Our study indicated a predominant circulation of H1B bacteria in asthmatic individuals. This opportunistic bacterium was detected in 41.5% of the studied children with asthmatic exacerbations, which in consistent with some other studies on adulthood(48). Although H1B, S.aur, S.pneu and C.pneu are more detected in infant and school-aged children, other infection agents are less common in adolescence (45).
Mixed etiology and different pathogenic roles of viruses and bacteria lead to existence in respiratory secretions in combination or alone. The findings of our study are shown in Fig. 1 and 2, and, surprisingly, mixed bacterial infections of S.aur, S.pneu and C.pneu have been more common in 15% of the infections, and in a single infection the S.aur was predominant. It seems that S.aur alone or in the mixed bacterial infection has been the main cause of triggering asthma attacks in this region.
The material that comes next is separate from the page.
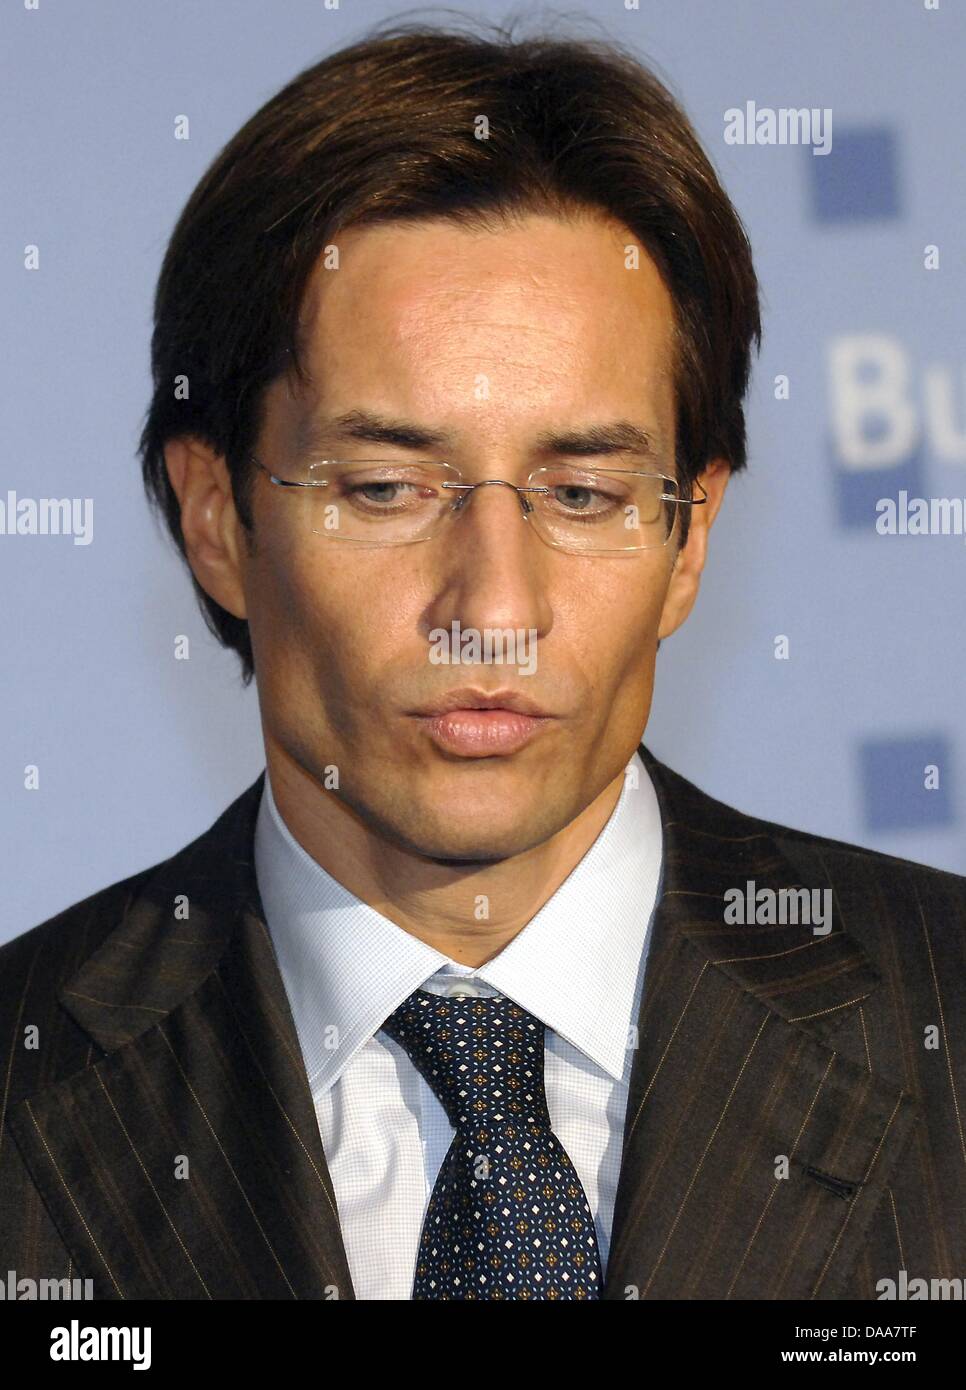 (dpa file) - A file picture dated 15 December 2005 shows Austrian finance minister Karl-Heinz Grasser pictured during a press conference in Berlin, Germany. Grasser has become a target for tax investors. While the public prosecution departments confirmed on 13 January 2011 that a criminal proceeding concerning tax matters was initiated, Grasser regards himself to be exposed to a ca Stock Photo

S.aur develops the chronic rhinosinusitis via a TH2-biased immune response to staphylococcal enterotoxins (SE) through both IgE-independent and IgE-dependent inflammatory reactions (49). Nasal colonization with S.aur is known to worsen eczema (49, 50). Aside from eczema, S.aur has been implicated in the development and severity of allergic rhinitis, asthma, and food allergy. Building on these findings, S.aur nasal colonization could be nominated as a risk factor for a range of asthma-associated outcomes, including diagnosis, symptoms, and exacerbations, among the population.
Furthermore, although HIB has been more frequent bacterial infection in asthmatic children, it could only exacerbate the asthma attacks around 5% and 41% as mixed with other bacterial or viral infections, respectively. The close association of bacteria and, to lesser extent, opportunistic respiratory viruses is little known in asthmatic children. Although evaluating the overall contribution of each virus/bacteria to disease severity is complicated by the presence of many confounding factors in clinical studies, understanding the role of each virus/bacteria in defining the asthma outcome will potentially reveal novel treatment and prevention strategies and also improving patient outcomes (51, 52).